The schema of the recent change feed has a foreign key relationship to other data models on the Wikimedia platform, which in this case, is a changed article’s unique page ID. If I want to make a join in real-time, for example, to be able to query the categories on Wikipedia that are changing the most often, I need to do that using a join that relates a page to its categories. This join is costly because it requires consistency guarantees, which is difficult to do outside of a transactional OLTP database.

Decorates the recent change event with its page categories.

Where this problem becomes intractable to solve using an OLTP database, like MySQL, is when real-time analytical queries cause contention with simple lookups that are powering the Wikipedia website.

The solution here is to use immutable event logs without sacrificing performance due to resource contention. To solve this problem with Apache Pinot and Kafka, we’ll use a pattern called event decoration. Event decoration simply adds a property to an event, while forking it to a new Kafka topic that can be ingested by Pinot.

Gets a reactive stream of Wikipedia changes that serialize server-sent events (SSE) before joining each page change with its categories from a separate API. (RecentChangeProcessor.java)

Event decoration is required when you don’t want to sacrifice performance in the face of a join that would require a consistency check.
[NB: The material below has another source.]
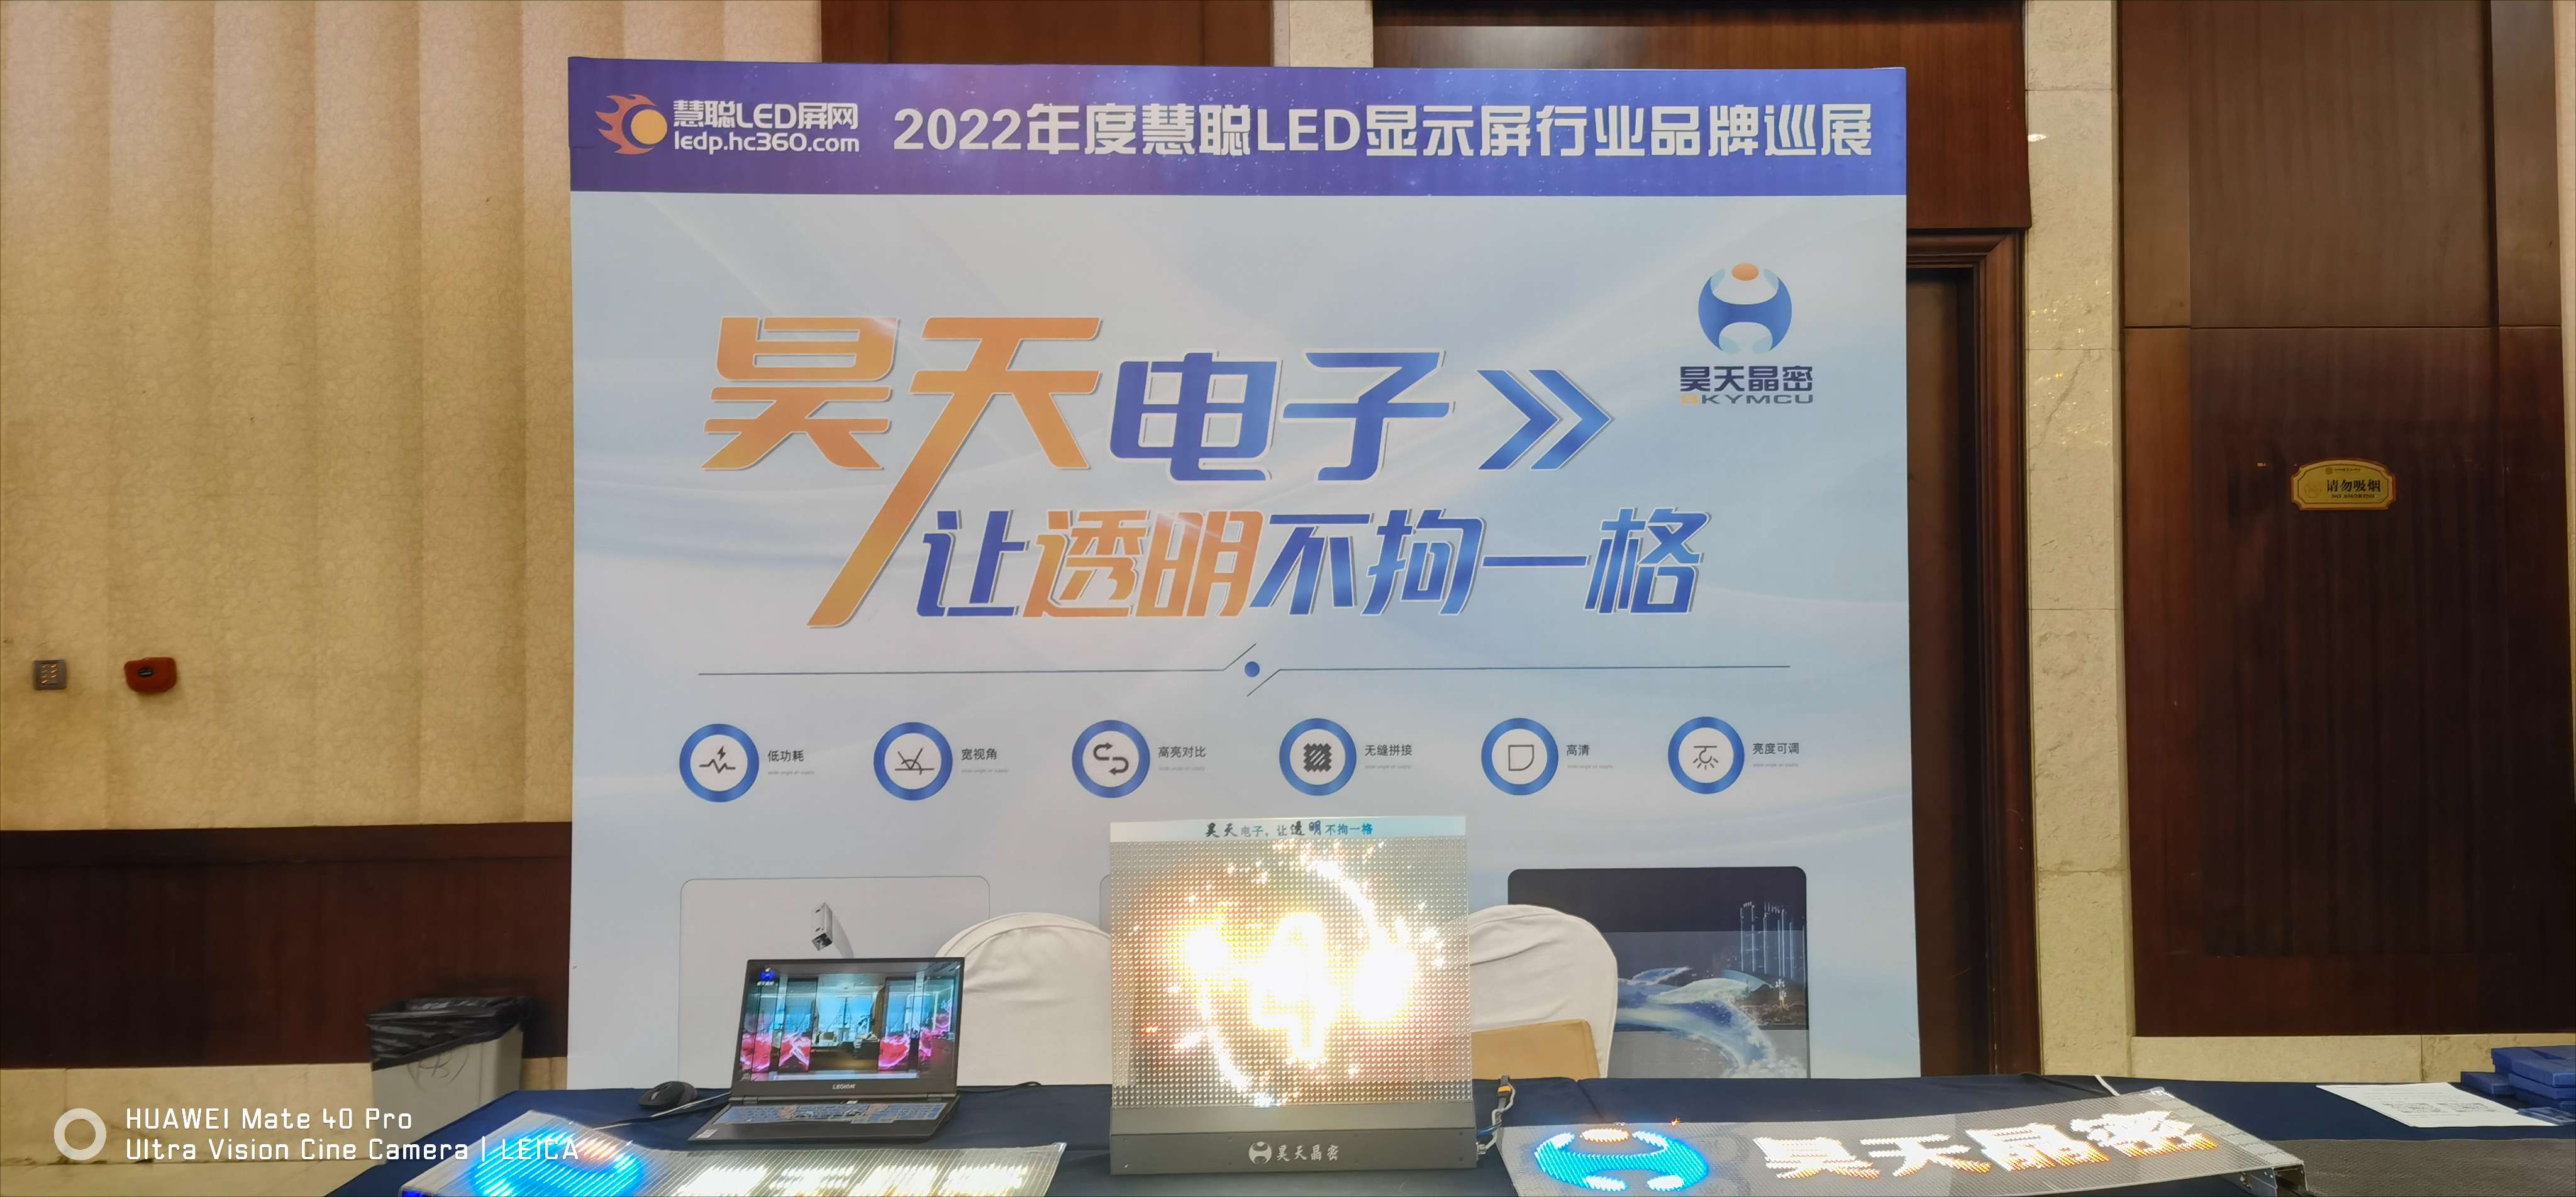 2022昊天電子產品全國巡展--鄭州 “定制透明方案一體化解決服務商，讓透明不拘一格”

Instead of doing a join between two tables at query execution time, we can decorate an event from a Kafka topic by forking it into a new topic that adds an additional query dimension (such as adding article categories on recent changes).
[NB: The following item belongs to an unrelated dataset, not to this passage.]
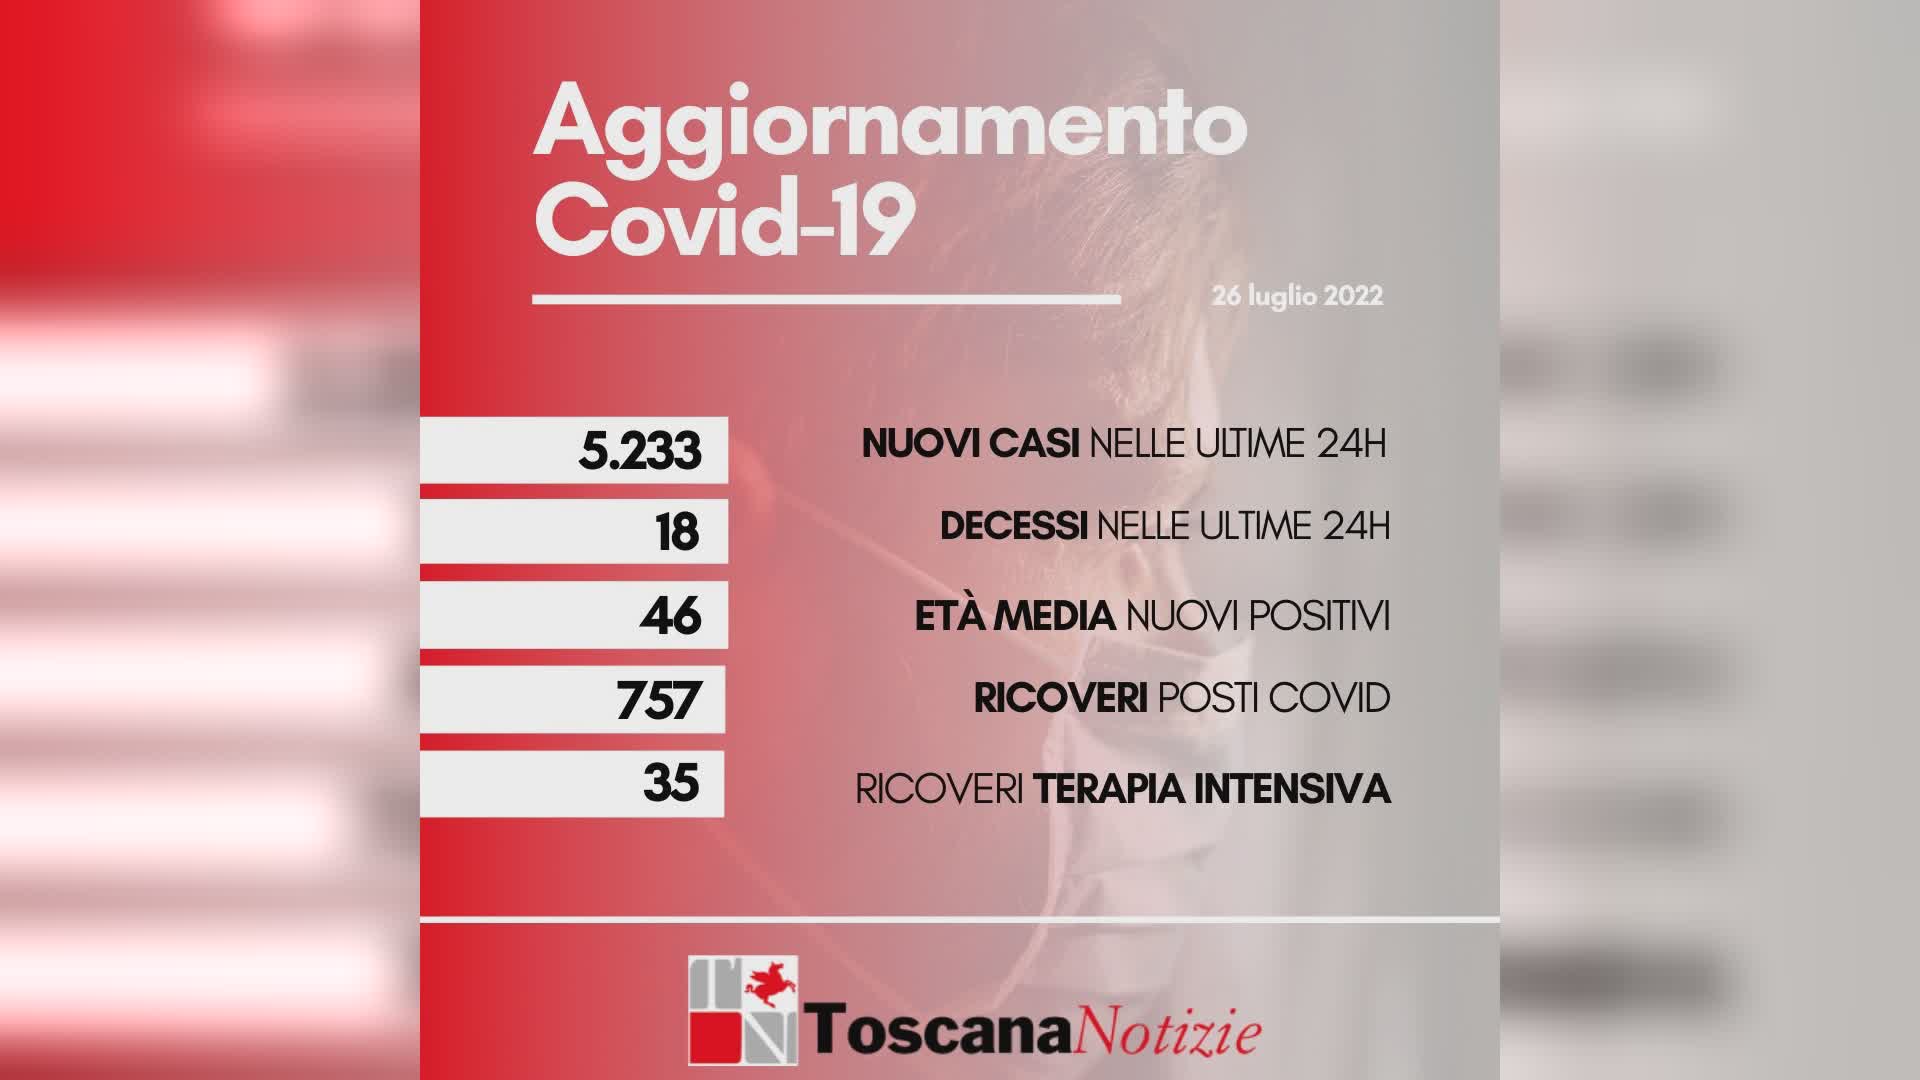 Coronavirus, 5.233 nuovi casi in Toscana, 18 i decessi

For every recent page change from Wikipedia, its categories are fetched (HTTP GET) from a separate API and joined into a new event. This creates multiple category events per page and sends them to a reactive stream subscriber. (RecentChangeProcessor.java)
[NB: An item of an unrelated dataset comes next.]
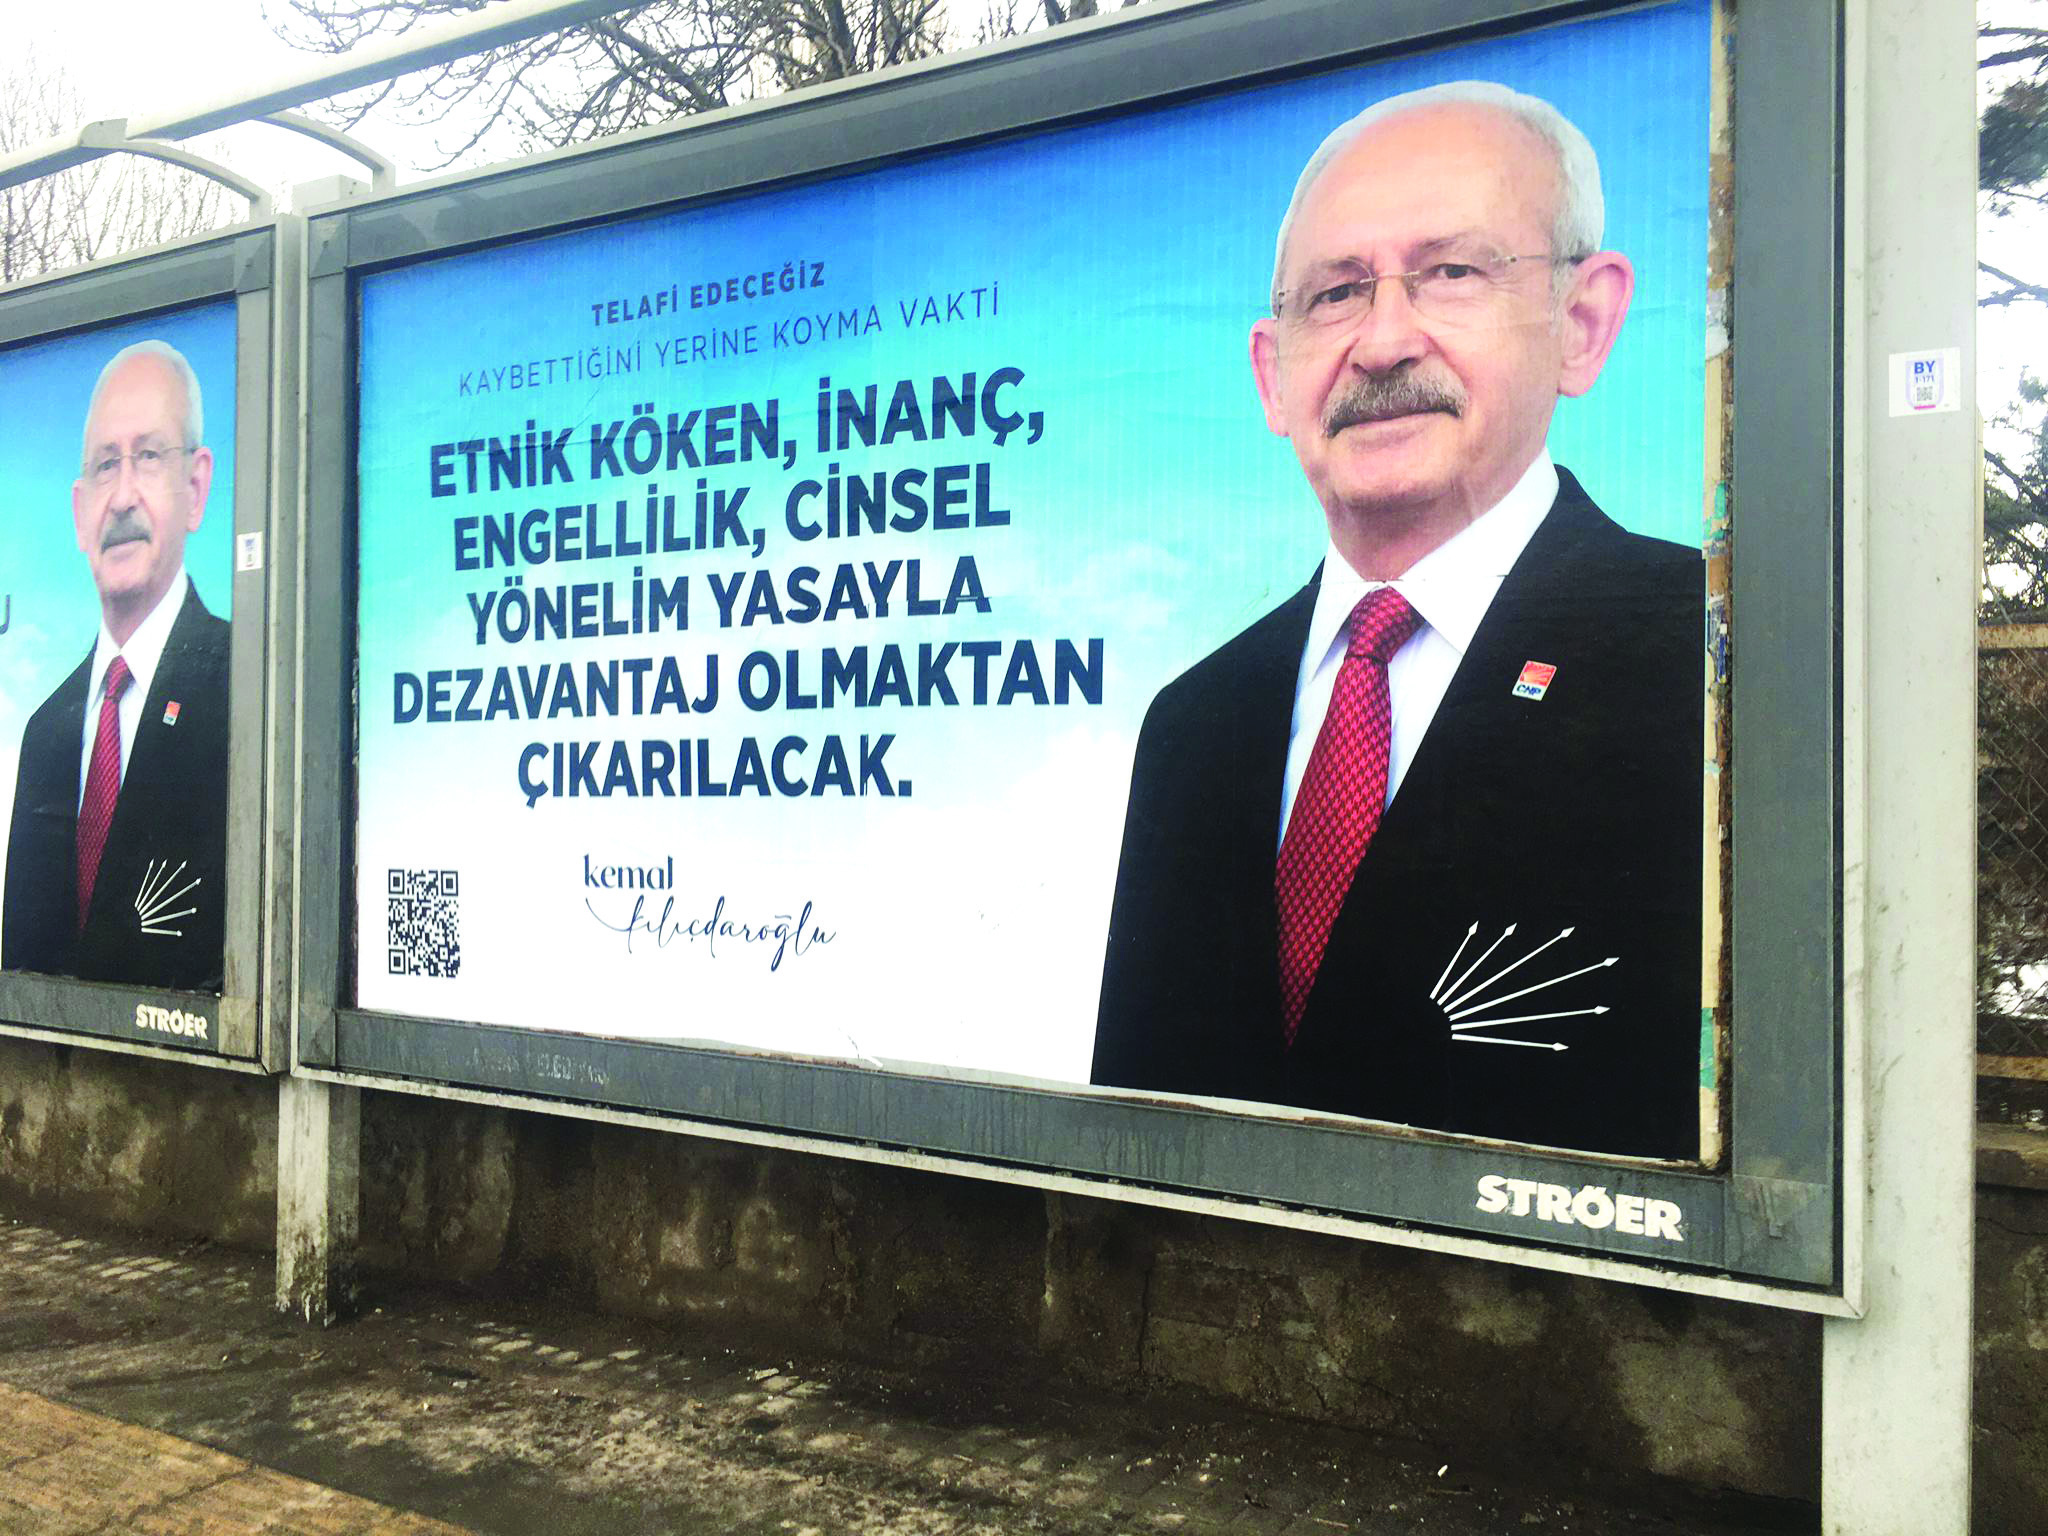 Kılıçdaroğlu eşcinseller için yasal düzenleme vaadinde bulundu: LGBT’ye evlilik vaadi mi?

Now that I’ve reactively joined multiple categories to a single Wikipedia change using event decoration, I can finally persist the events I’ve generated by sending it to a topic in Apache Kafka.

Sends the category change event to a Kafka topic. (RecentChangeProcessor.java)

The next thing I will need to do is create a real-time table in Apache Pinot that will subscribe to these events and ingest each message as a row that we can query using SQL.

Querying in real-time with Apache Pinot

Real-time tables in Apache Pinot are designed to ingest high-throughput events from real-time data sources, such as Kafka. Pinot was designed to perform fast indexing and sharding on real-time data sources so that query performance can scale linearly on a per node basis. What this means is, no matter how many real-time tables you have, the query performance always increases as you add more nodes to a cluster.

When creating a real-time table, there are two things you need to prepare. First, you have to create a schema that describes the fields that you intend to query using SQL. Typically, these schemas are described as JSON, and you can create multiple tables that inherit the same underlying schema. The second thing you need to create is your table definition. The table definition describes what kind of table you want to create, for instance, for real-time or batch. In this case, we’re creating a real-time table, which requires a data source definition so that Pinot can ingest events from Kafka.

The table definition is also where we describe how Pinot should index the data it ingests from Kafka. Indexing is an important topic in Pinot, as with mostly any database, but it is especially important when we talk about scaling real-time performance. For example, text indexing is an important part of querying Wikipedia changes. We may want to create a query using SQL that returns multiple different categories using a partial text match. Pinot supports text indexing that makes performance extremely fast for queries that need arbitrary text search.

Creating a schema and table

To create a schema and table in Pinot for the real-time Wikipedia change events, I’ve generated two JSON files that can be found in the project’s source on GitHub. The best way to understand how to use Pinot is to look through the documentation, which stays up-to-date and provides various guides and learning resources. You can find the schema and table definition files here that are used in this example.

Since I’ve talked about schemas in a past blog post about analyzing GitHub changes in real-time, I’m only going to quickly go over the table definition file here, which connects to a Kafka topic for real-time Wikipedia changes that are joined by a page’s multiple categories.

Here we can see how the real-time table is connected to Kafka, with the topic name “wiki-recent-change”, which I have configured as the output sink in the reactive Spring Boot application.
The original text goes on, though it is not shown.